“Ah! then you can tell us something about it, and I would be obliged to you if you would. Been out west about Antonio? Ranchering’s a good business, eh, out west there? Isn’t it? Make thirty per cent. by it, eh? I hear so. Should think that would be a good business. How much capital ought a man to have to go into ranchering, good, eh? So as to make it a good business?”
He was a middle-aged, well-dressed man, devouring tobacco prodigiously; nervous and wavering in his manner; asking questions, a dozen at a breath, and paying no heed to the answers. He owned a plantation in the bottoms, and another on the upland; the latter was getting worn out, it was too unhealthy for him to live in the bottoms, and so, as he said, he had had “a good notion to go into ranchering. Just for ease and pleasure.”
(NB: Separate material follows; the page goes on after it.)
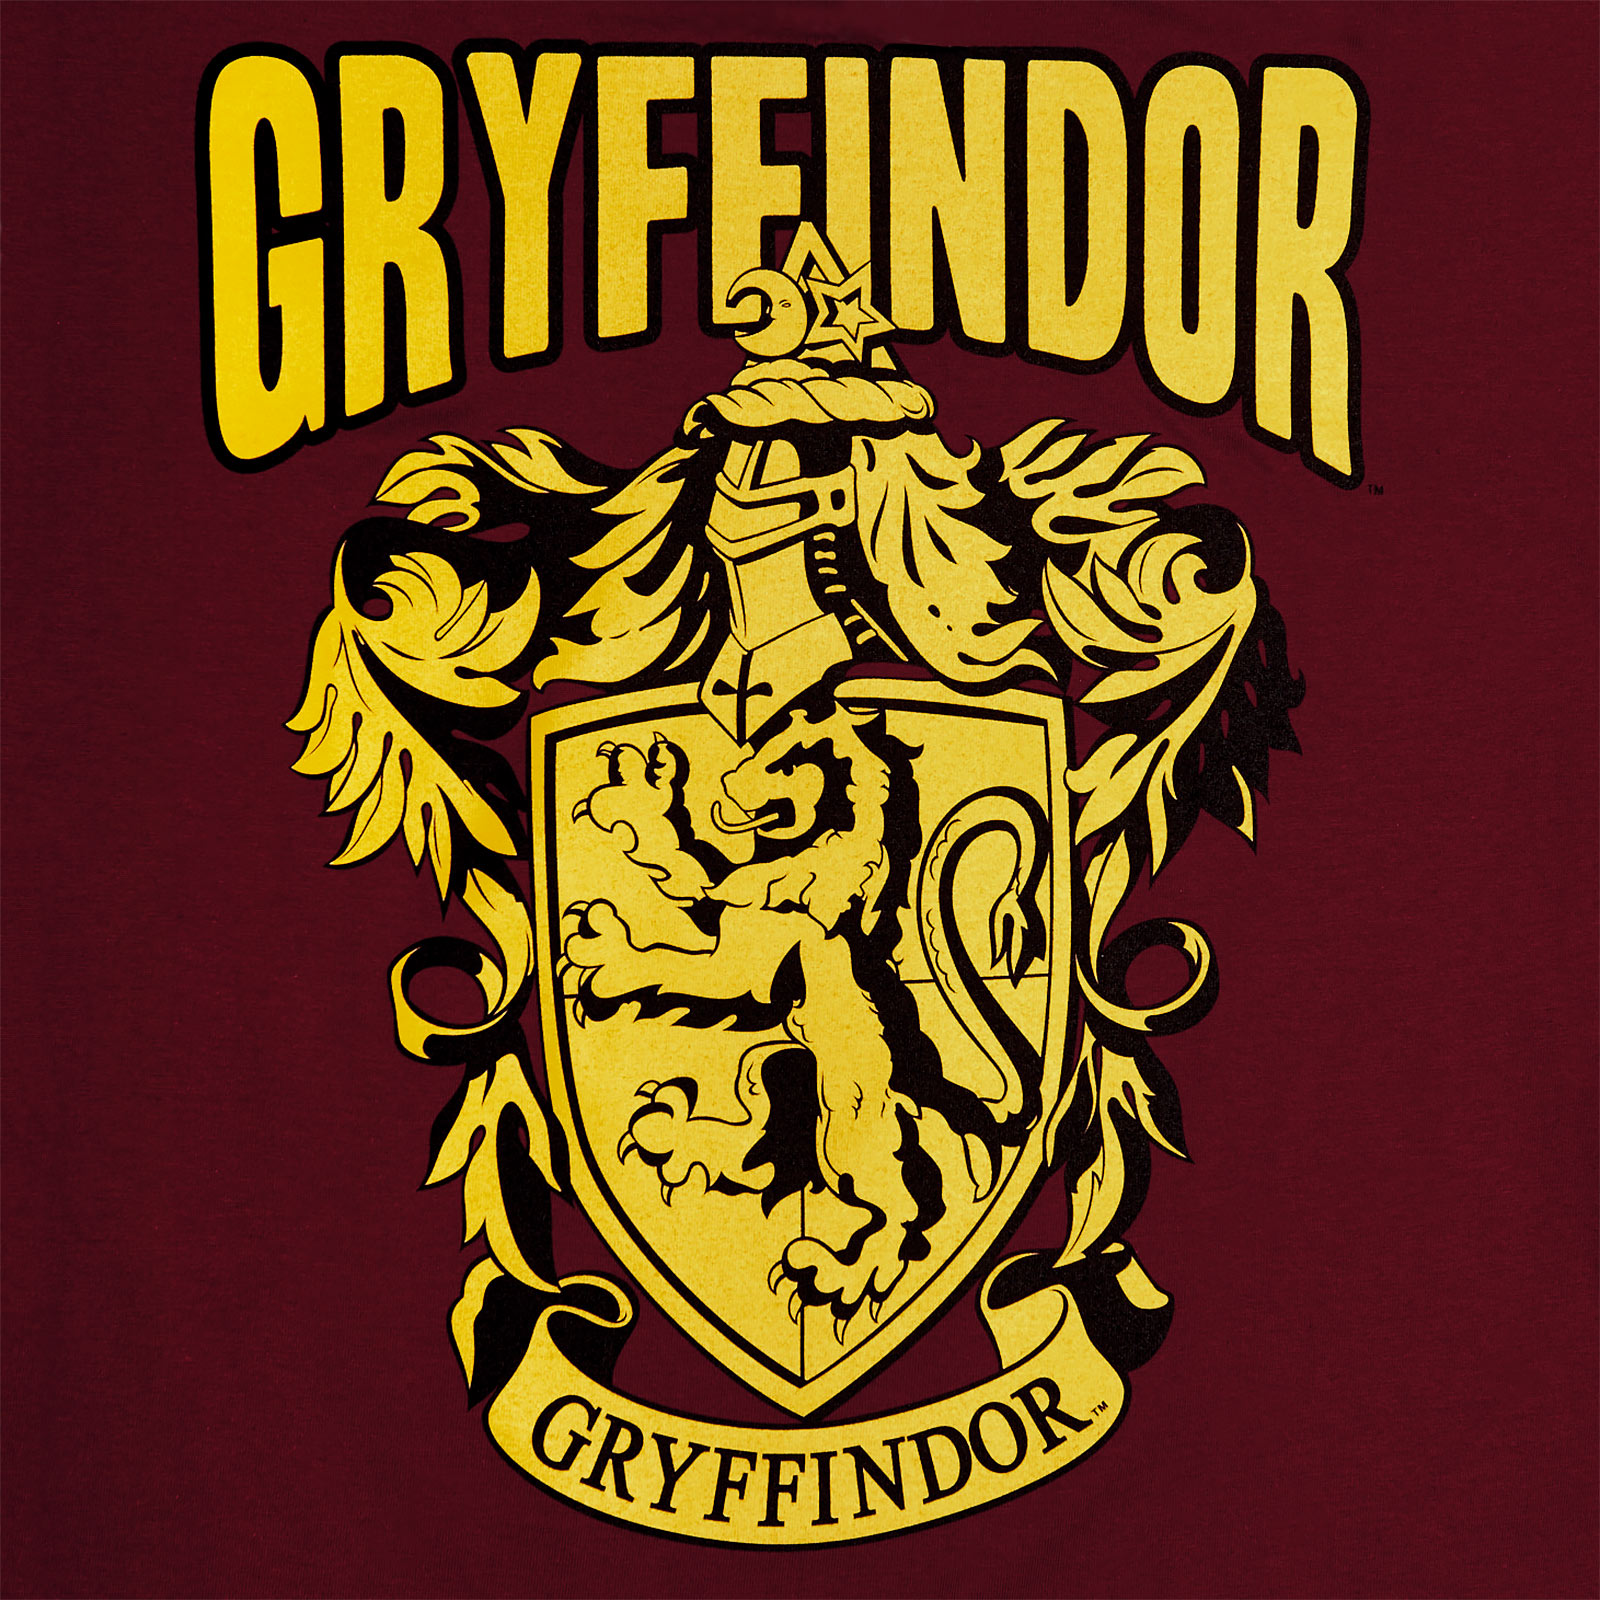 Harry Potter - Gryffindor Crest T-Shirt red

“Fact is, though, I’ve got a family, and this is no country for children to be raised in. All the children get such foolish notions. I don’t want my children to be brought up here. Ruins everybody. Does sir, sure. Spoils ’em. Too bad. ’Tis so. Too bad. Can’t make anything of children here, sir. Can’t sir. Fact.”
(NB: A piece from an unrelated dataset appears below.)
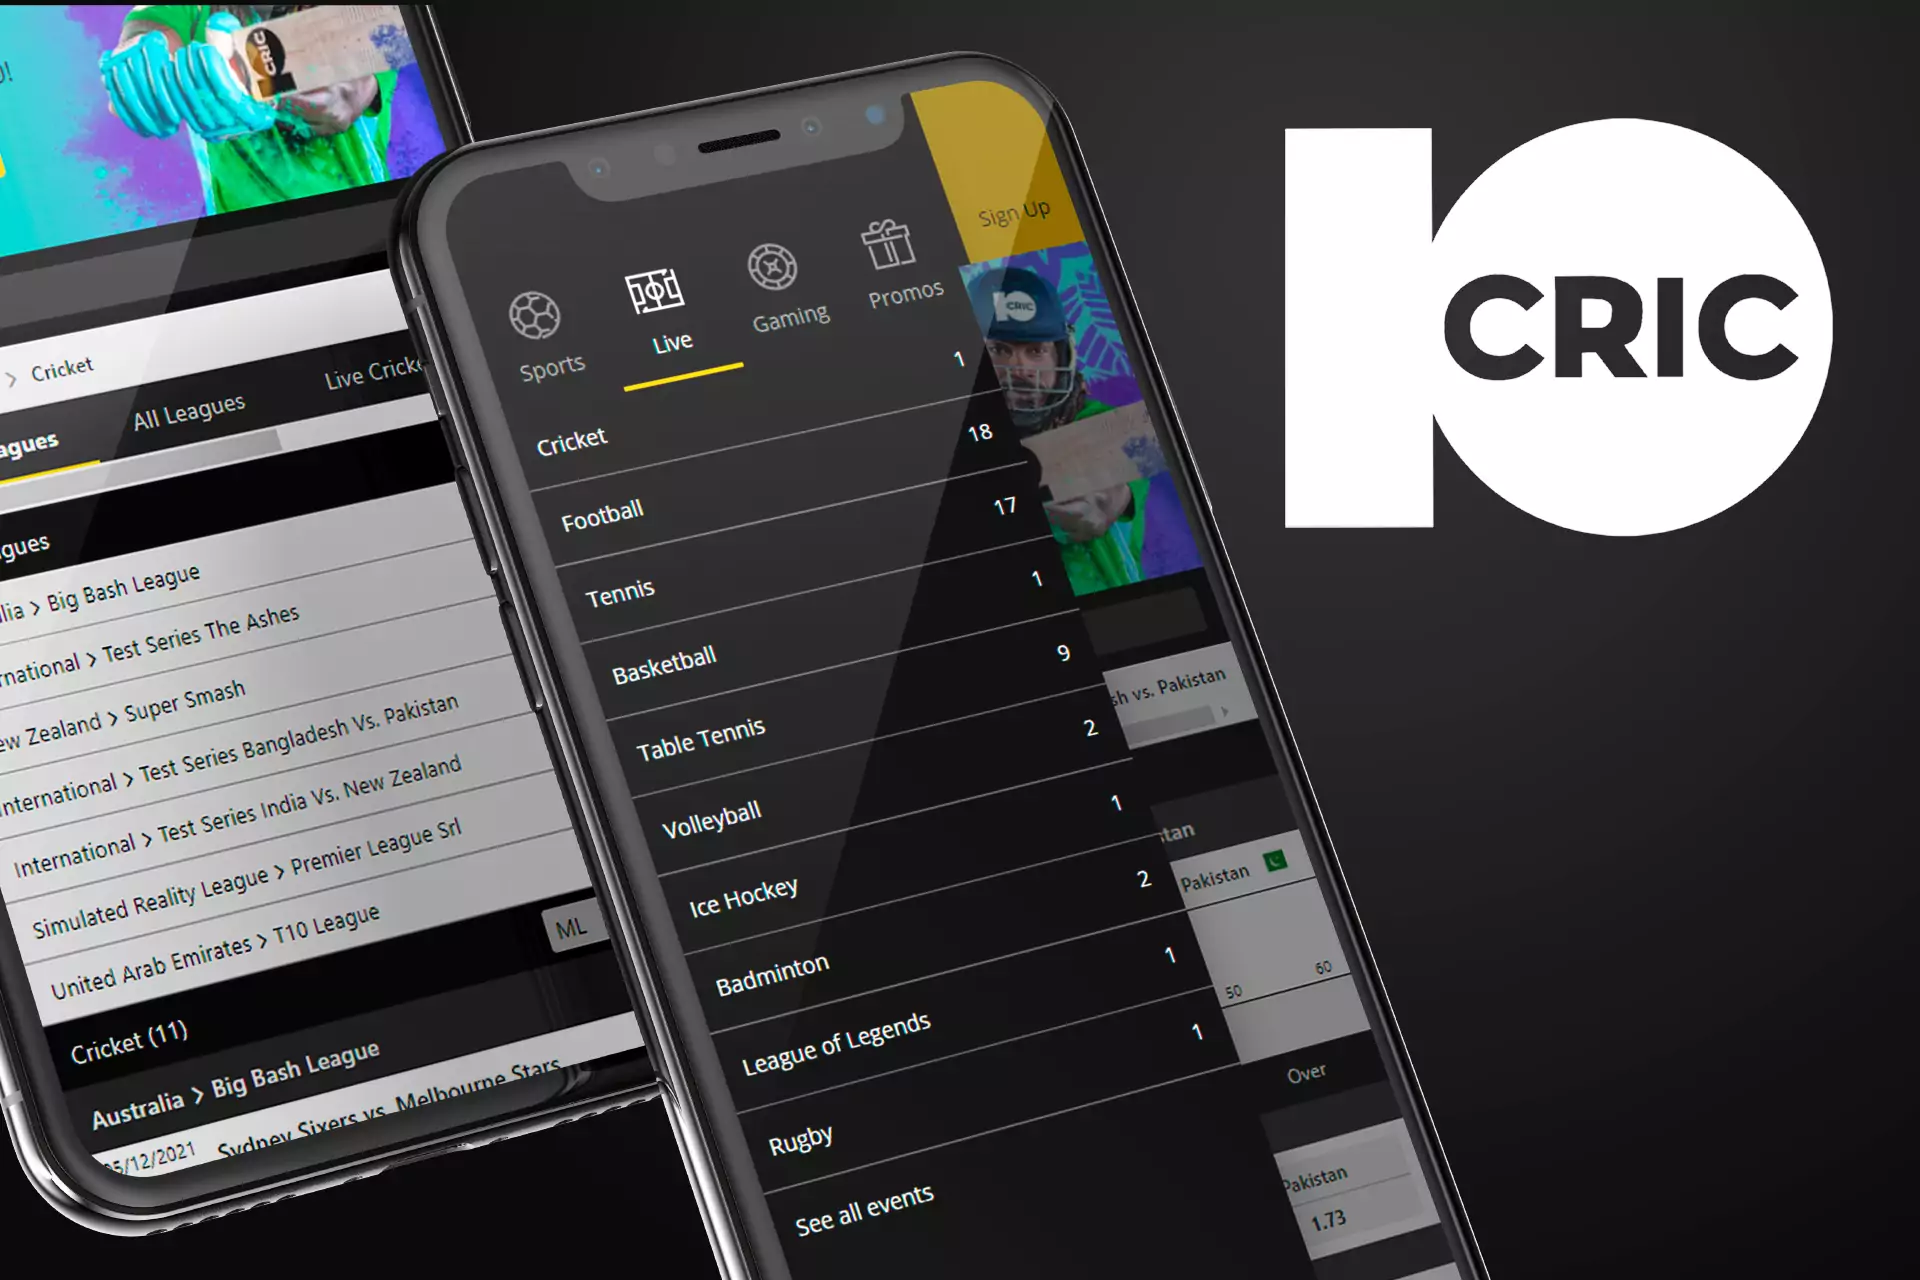 10Cric ऐप खेल सट्टेबाजी और ऑनलाइन कैसीनो के खेल के लिए कई प्रकार के विकल्प प्रदान करता है।

He had been nearly persuaded to purchase a large tract of land at a point upon a certain creek where, he had been told, was a large court-house, an excellent school, etc. The waters of the creek he named are brackish, the neighbouring country is a desert, and the only inhabitants, savages. Some knavish speculator had nearly got a customer, but could not quite prevail on him to purchase until he examined the country personally, which it was his intention soon to do. He gave me no time to tell him how false was the account he had had, but went on, after describing its beauties and advantages—
“But negro property isn’t very secure there, I’m told. How is’t? Know?”
“Not at all secure, sir; if it is disposed to go, it will go: the only way you could keep it would be to make it always contented to remain. The road would always be open to Mexico; it would go when it liked.”
“So I hear. Only way is, to have young ones there and keep their mothers here, eh? Negroes have such attachments, you know. Don’t you think that would fix ’em, eh? No? No, I suppose not. If they got mad at anything, they’d forget their mothers, eh? Yes, I suppose they would. Can’t depend on niggers. But I reckon they’d come back. Only to be worse off in Mexico—eh?”
“Nothing but——”
“Being free, eh? Get tired of that, I should think. Nobody to take care of them. No, I suppose not. Learn to take care of themselves.”
Then he turned to our host and began to ask him about his neighbours, many of whom he had known when he was a boy, and been at school with. A sorry account he got of most. Generally they had run through their property; their lands had passed into new hands; their negroes had been disposed of; two were now, he thought, “strikers” for gamblers in Natchez.